◆ DATA:
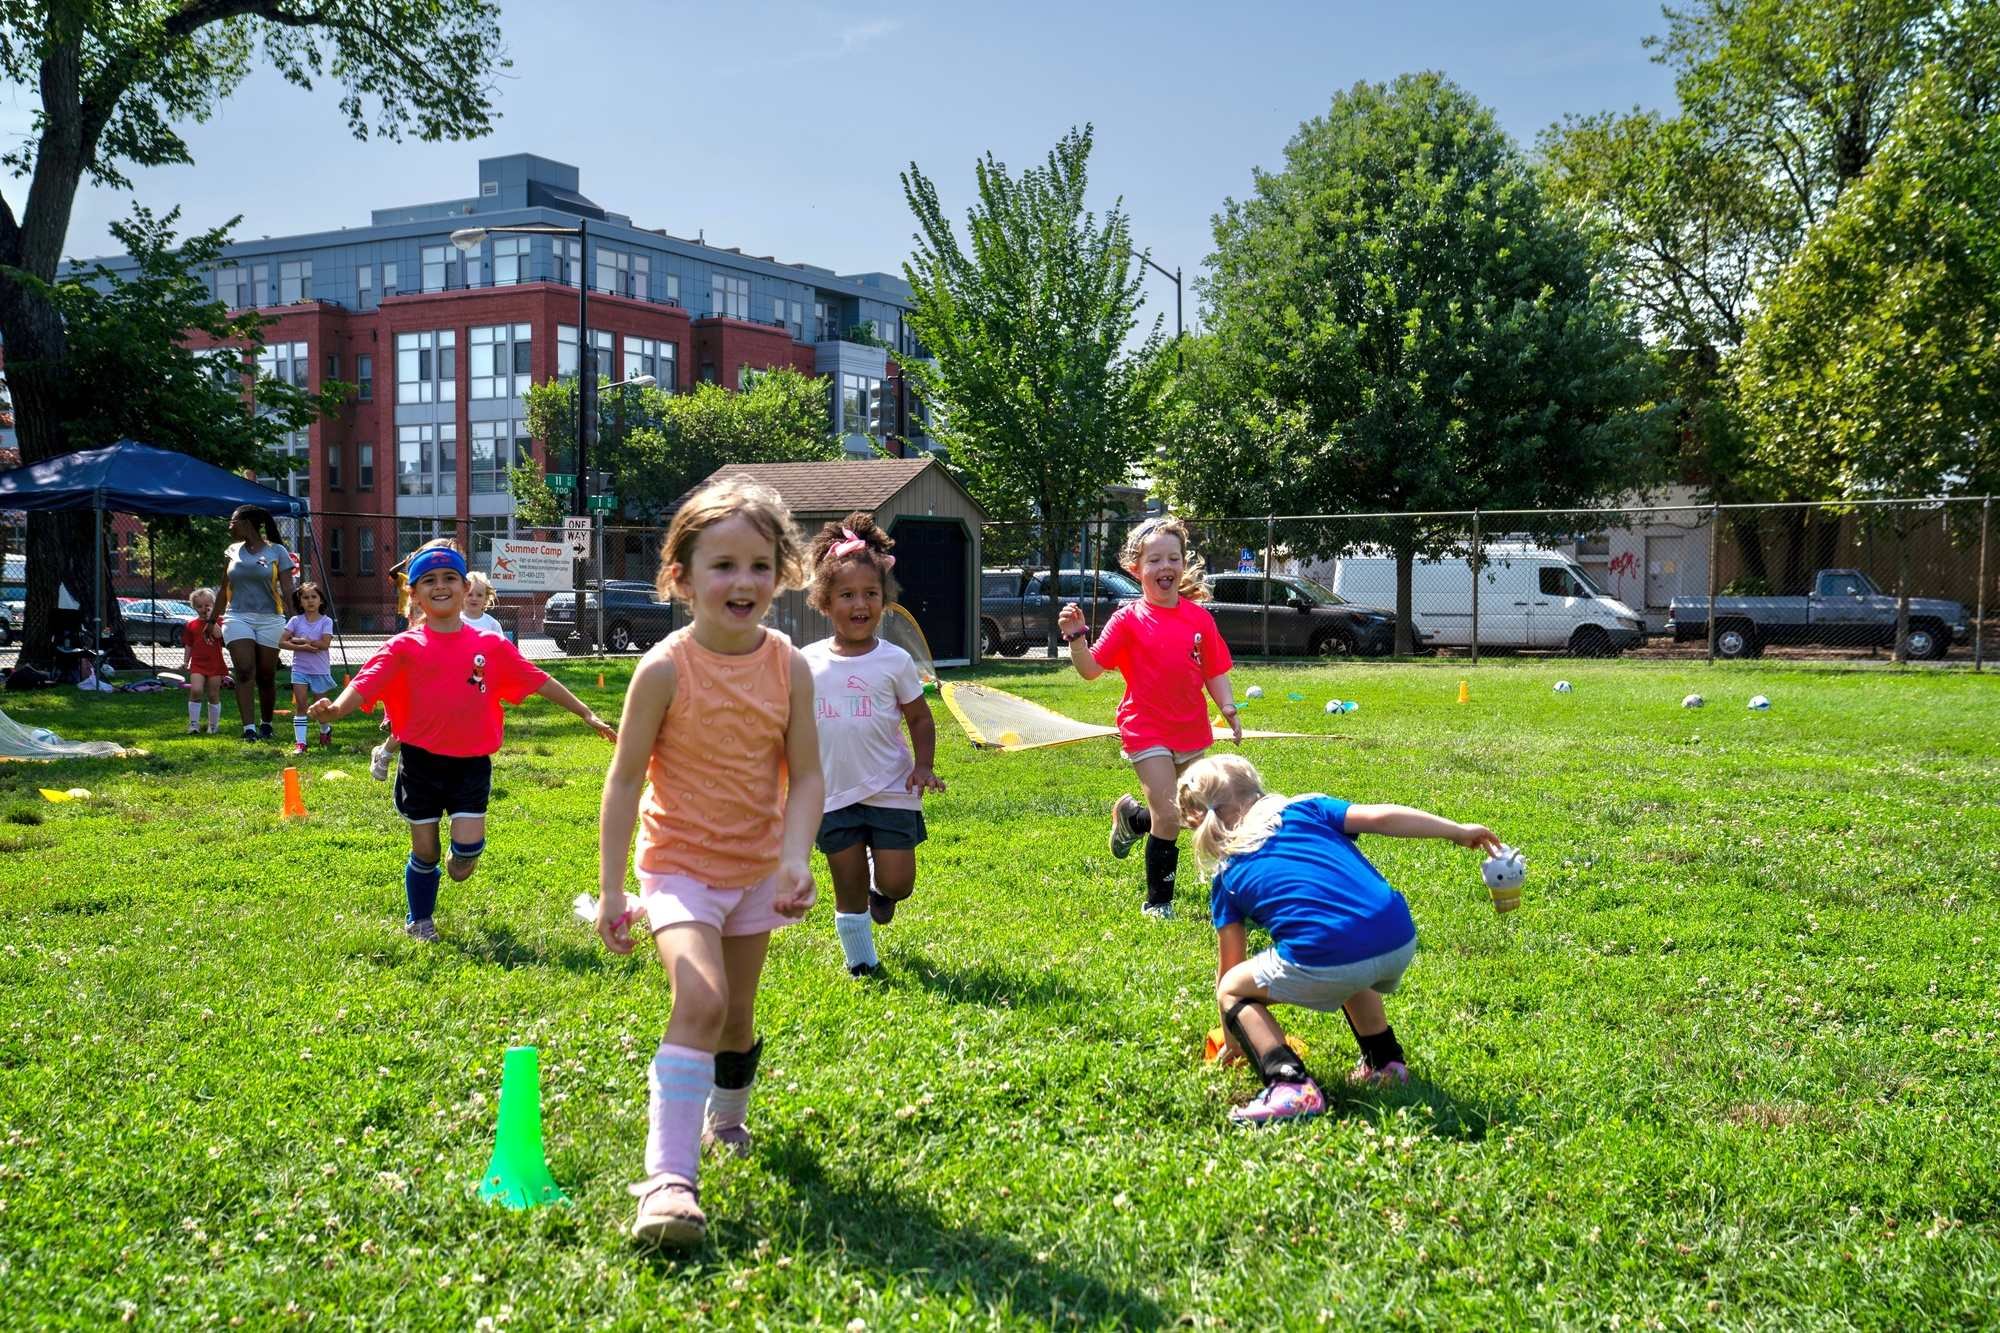 Dc-way-soccer-club-for-kids-in-washington-dc-summer-camp-at-tyler-elementary-school- 0247.jpg
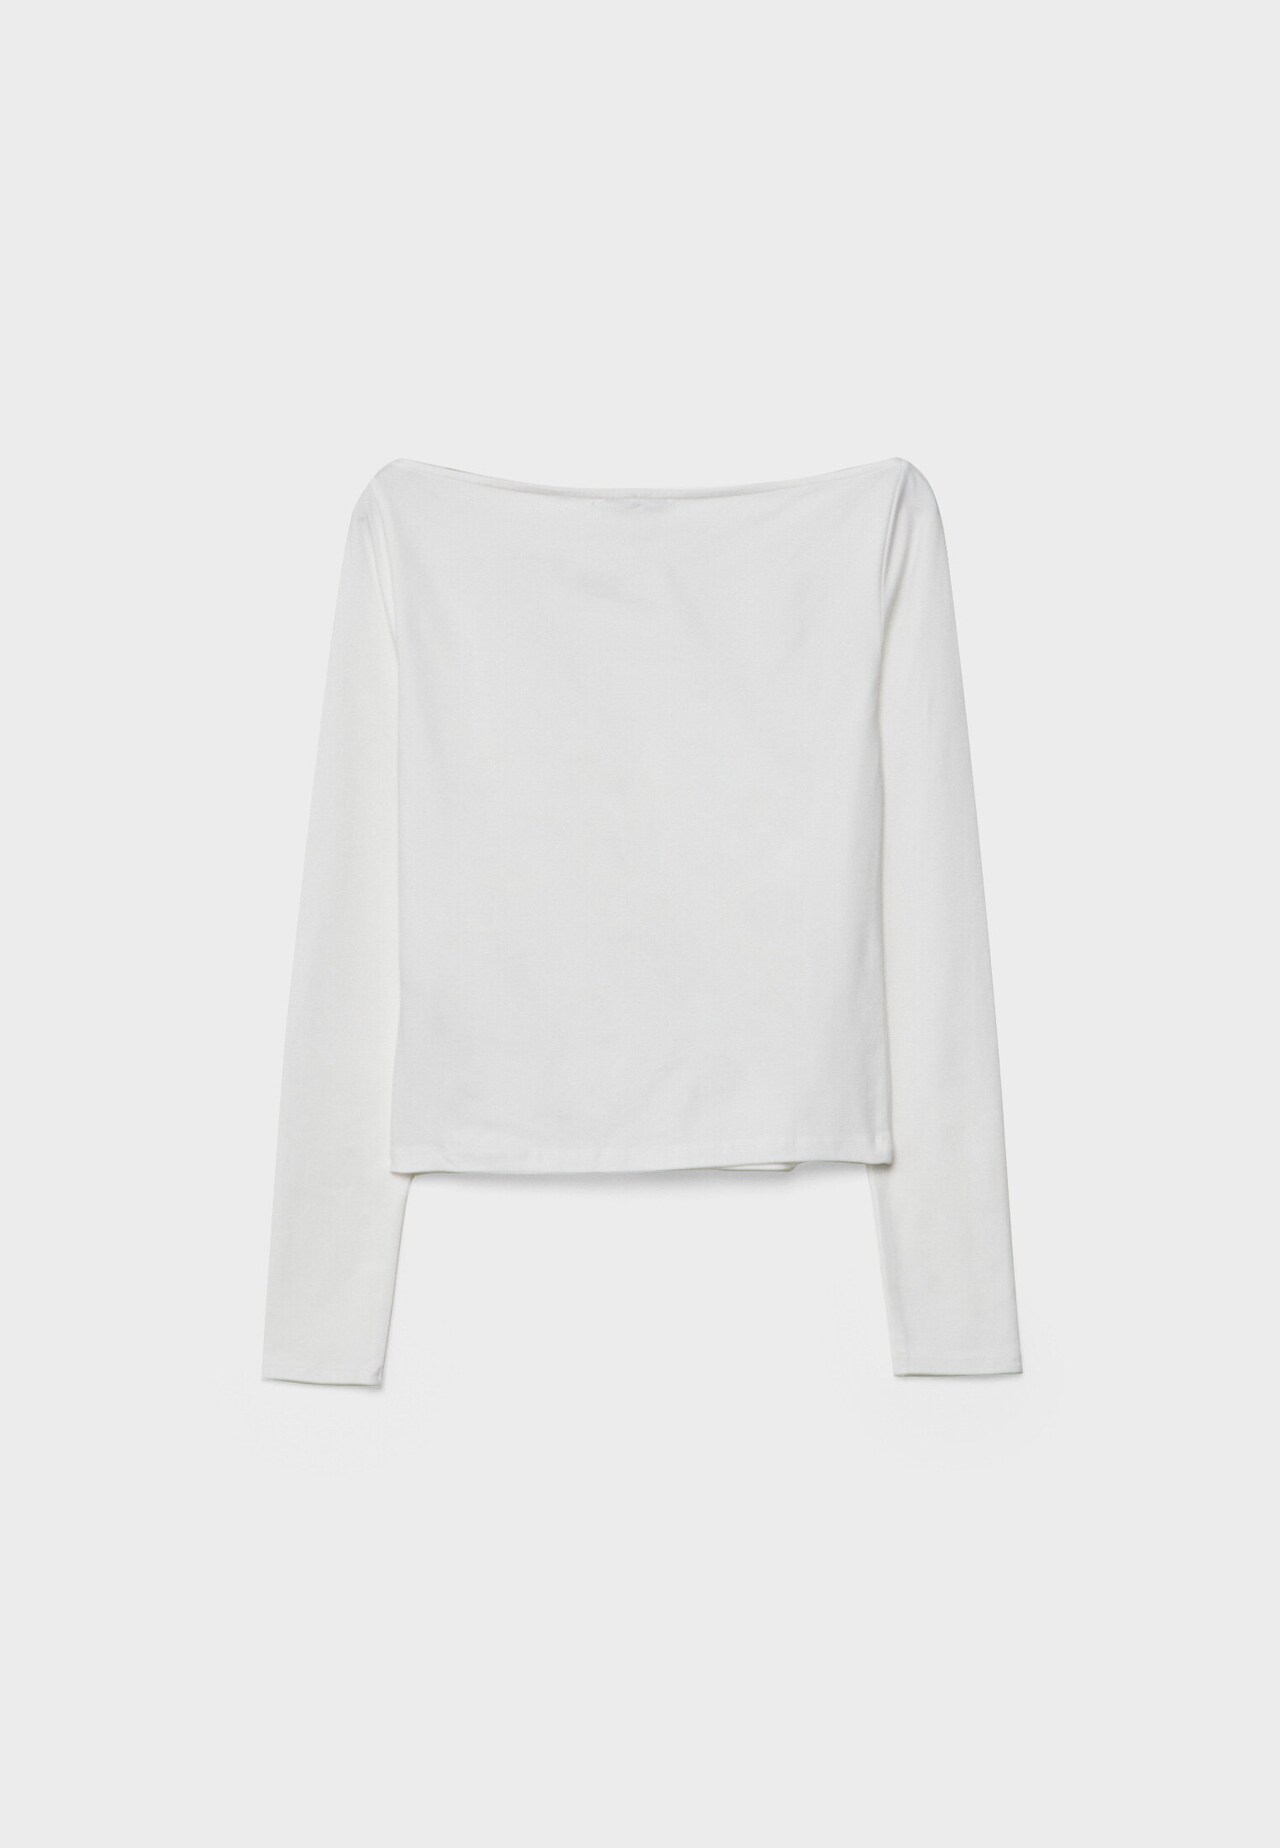 Elegance Women's White Collar Crop Top Long Sleeve
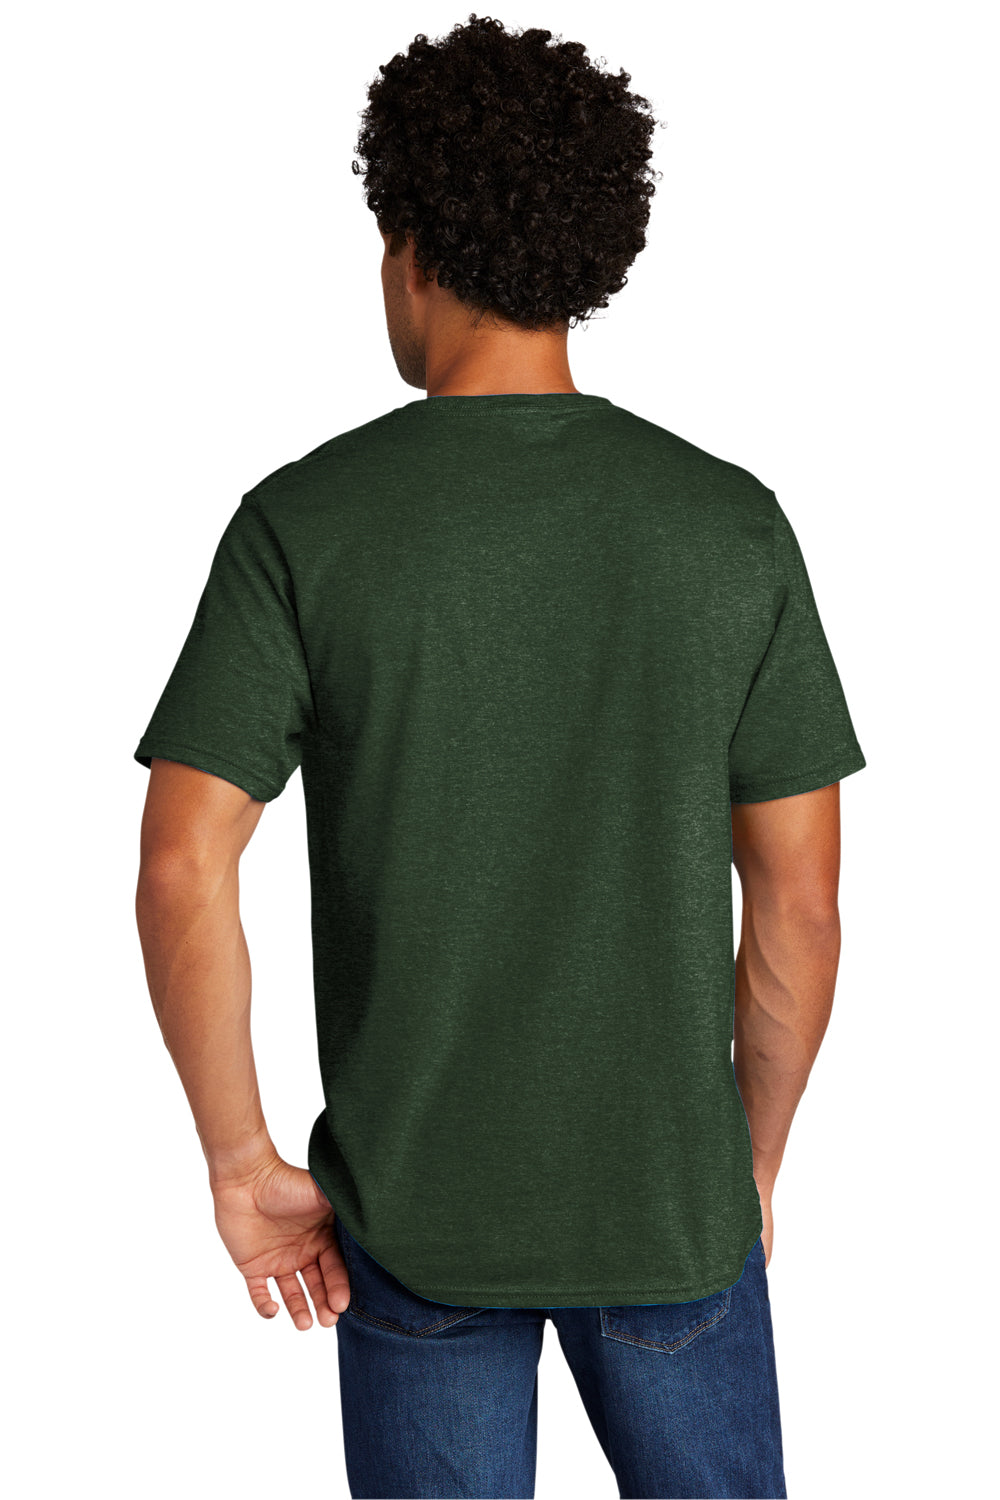 Port & Company Mens Short Sleeve Crewneck T-Shirt Heather Forest Green Side

◆ WORK TASK: Begin with the line that contains "Elegance Women's White" and repeat every line through the end of the data, exactly and only those lines, leaving out the pictures.

◆ TASK ANSWER:
 Elegance Women's White Collar Crop Top Long Sleeve
 Port & Company Mens Short Sleeve Crewneck T-Shirt Heather Forest Green Side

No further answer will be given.